秃突佳虽是草原上长大的,原该憨直一些,但是他生来伶俐精明,又在长安住了这么久,自然知道若是真心与西魏一起征伐东魏,真以为其中有利可图,以西魏的衰弱国力,还不知道柔然究竟要付出多大代价才能见到利益,纯属是为西魏所用,就算是有利可图也是火中取栗的事,不值太多了。
这么算起来,真是远远不如他汗父阿那瑰的左右逢源之道。但是眼前刚谈妥和亲,自然不能立刻就说不好。
“弟也不舍得乍然离开兄长。”秃突佳并不接宇文泰的话,又玩起撒娇弄痴的把戏来,笑道,“等到立后大典,弟一定亲送姊妹来长安,不等见到外甥就不回柔然,自然有的是机会与兄长多多亲近。”
秃突佳的话听起来是随口说的玩笑话,但是话里的意思很深,宇文泰倒是心里稍觉意外。没想到这个柔然世子年纪虽小,在长安的日子也浅,倒把心机深沉却面上装无辜那一套玩得炉火纯青。
秃突佳的意思既表示,不但要柔然公主做大魏皇后,还要得大魏皇帝的宠盛,并且要为大魏皇帝诞育嫡子……
再往下的话连宇文泰想到都心里一寒。若是真有一日,柔然部重兵压境,请立有其血脉的皇子为太子,那时皇帝元宝炬处境又如何?大魏天下会是谁的天下?这个天生心机精明的柔然世子若是在大魏为官,又是外戚,岂不炙手可热?大魏会不会成了他的天下?他本身又是柔然未来的可汗,到时候大魏、柔然合二为一,谁还能敌得过他?
真到那时候,别说自己没有立身之处,就是大魏社稷也在无形中消弭。两魏斗得你死我活,最后竟然要便宜坐中取利的柔然,那岂不是可笑?
“若真如此,一大喜也。”宇文泰开怀大笑,但暗中已想到,等秃突佳离去便请皇帝早立太子。此时不细究秃突佳的话,若是挑明了,后面的事反倒不好再做。
秃突佳心里也暗想,这个西魏的大丞相心思太深,并不好相交。他忽然想起在蒲坂见过的另一位“兄长”,东魏的大将军高澄。那位渤海王世子毕竟年轻,而且看起来纵情任性,也许反倒没有这位大丞相这么难缠。倒不如趁着东、西相较之机,能去邺城看看,自己也学学汗父的谋略,坐壁上观以取余利。要是太过真心,只懂得执此一面,早晚自己也要被这个大丞相算计了。

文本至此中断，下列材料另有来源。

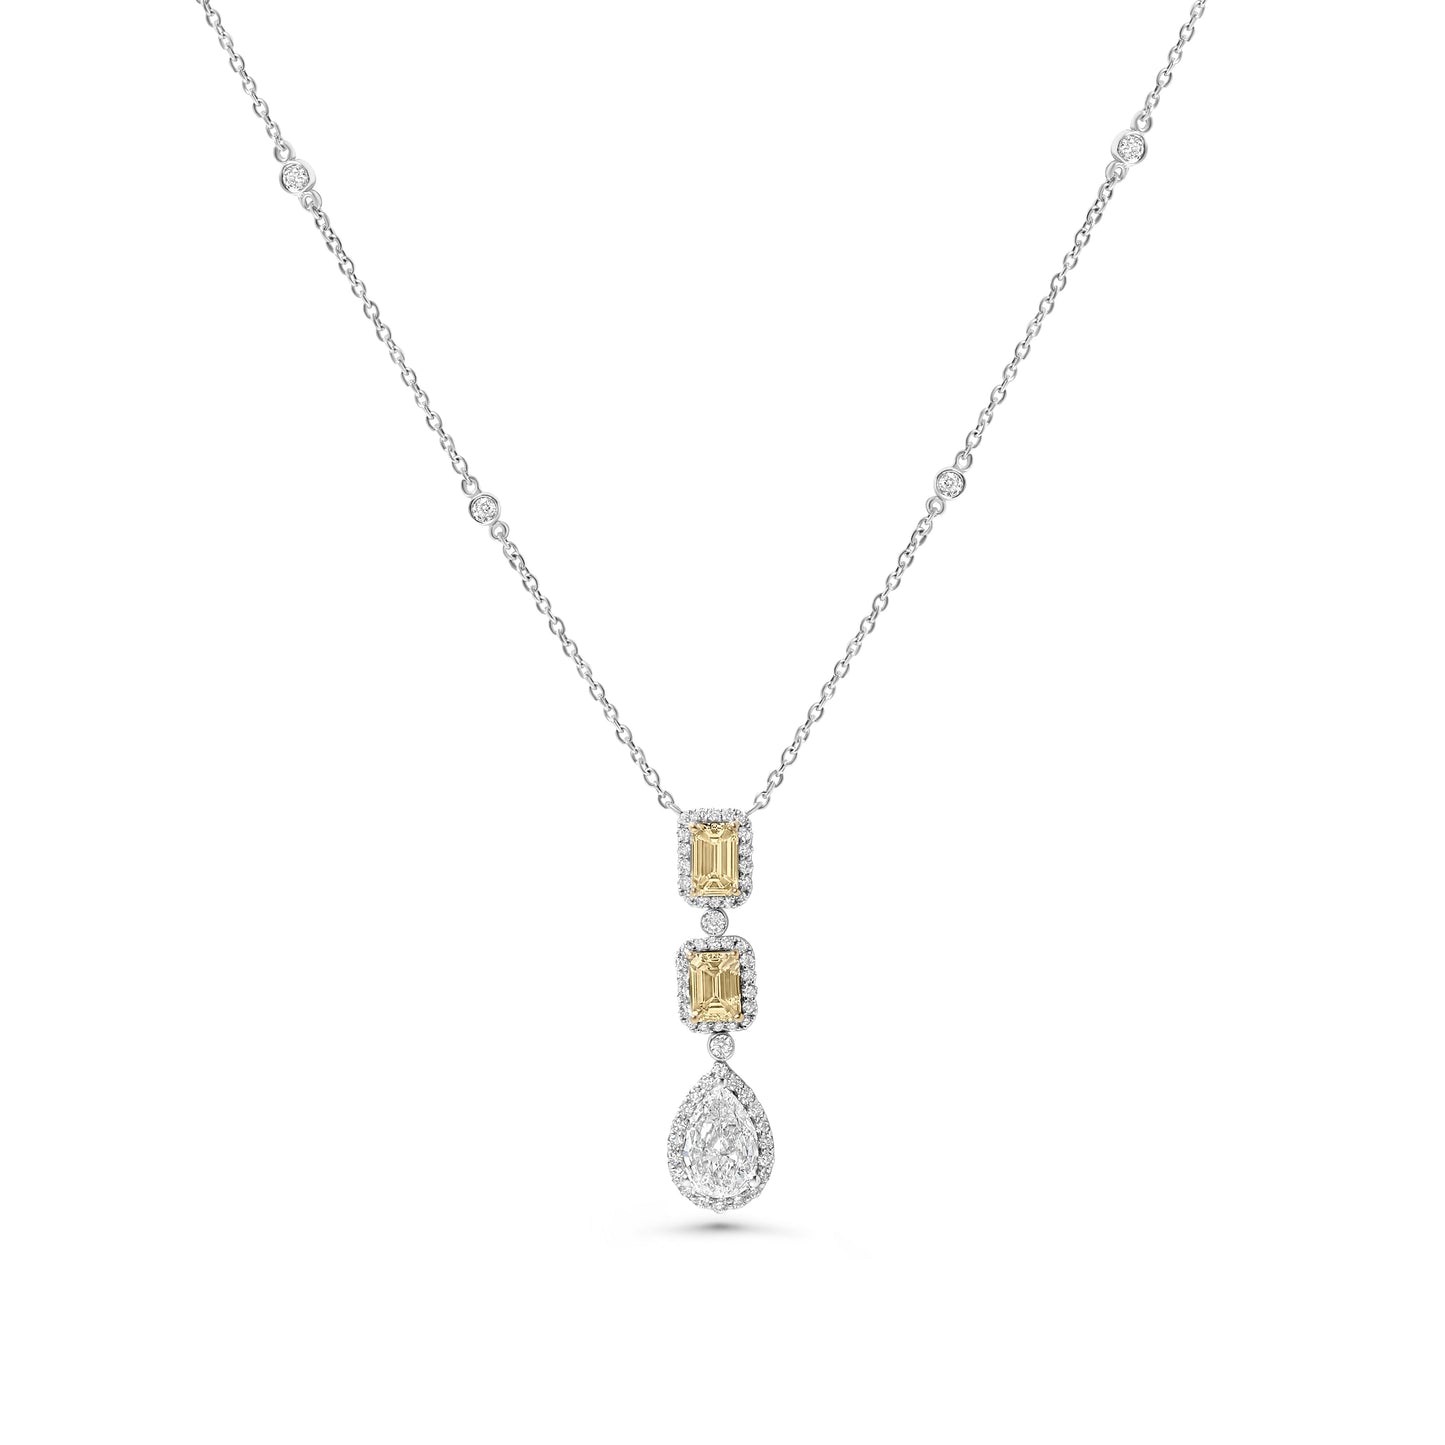 Certified Solitaire Diamond & Yellow Diamond Pendant Necklace
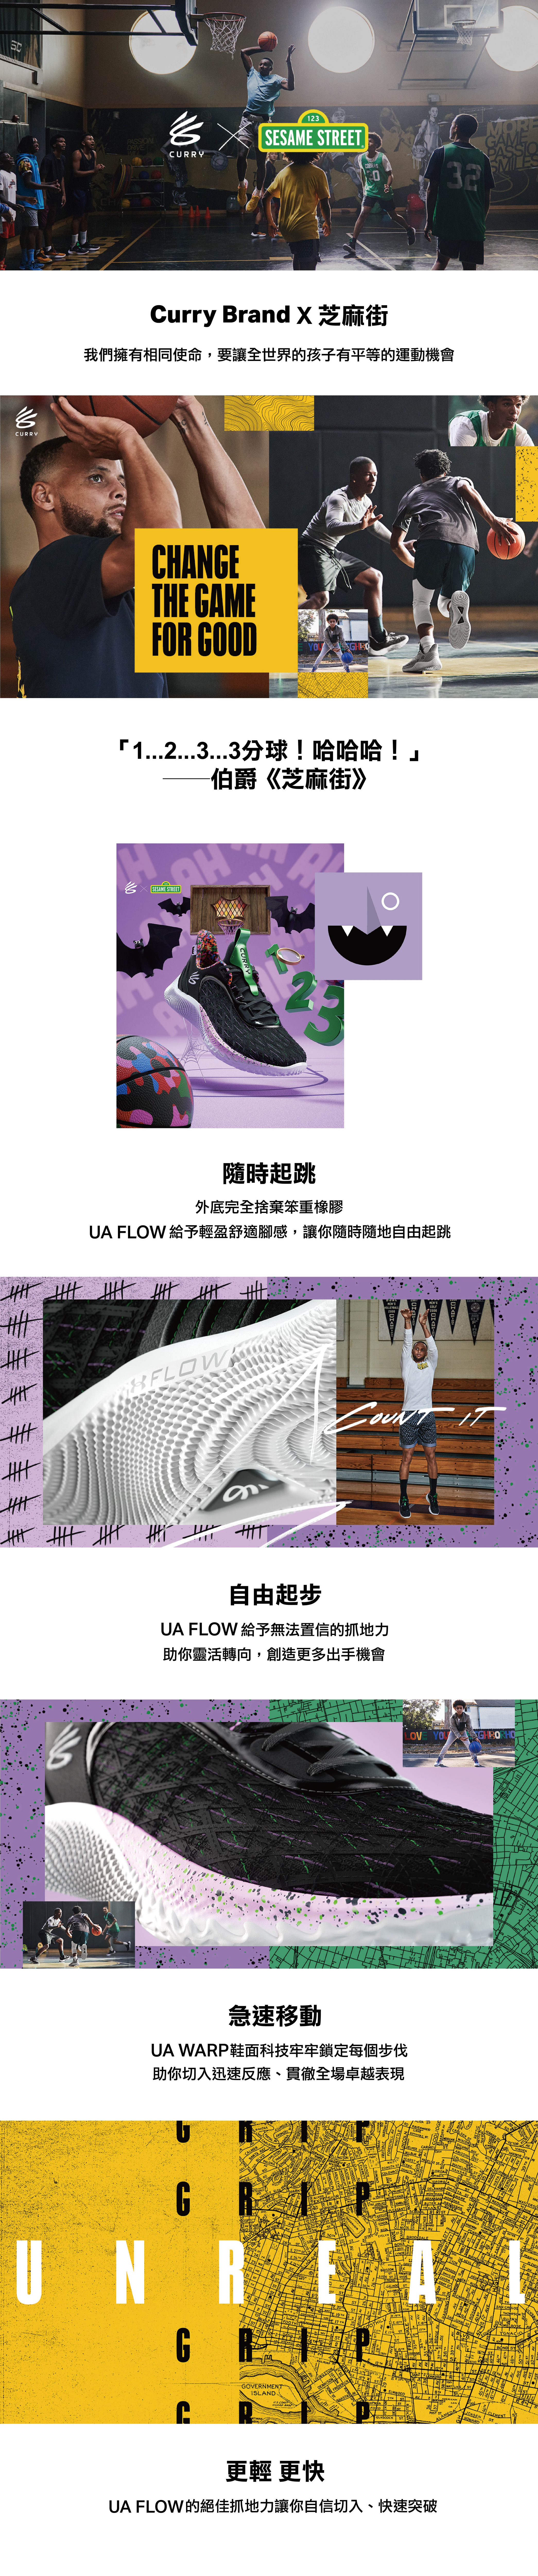 CURRY 9 籃球鞋 X 芝麻街伯爵

秃突佳想到此,便要探探虚实,问道,“兄长刚才说要与我汗父共同征伐东寇,这么说兄长是想趁胜再东征吗?”
宇文泰这时不肯再说实话,含糊笑道,“是有此意,对郡公和世子自然不会隐瞒。只是世子也看到了,国中饥馑,只怕一时半刻还不能遂愿。当前还是立后大典要紧。”
秃突佳倒也知道西魏如今是国贫民弱,想必宇文泰这次说的是实话。当然他心里也明白,对于柔然部来说,此时他赶紧回去,然后尽快送嫁来长安,让立后大典顺顺利利地完成,这才是第一要紧之事。若真是他的姊妹成了大魏皇后,将来再生育大魏太子,那时好处数不胜数,岂是现在侵占边塞这点小利所能比拟的?
一想到这儿,秃突佳雄心万丈,便恨不得立刻飞回本部草原。笑道,“兄长说的对,送君千里终须一别,更何况再见就是眼前。兄长且在长安等我,弟一定尽快送姊妹来。”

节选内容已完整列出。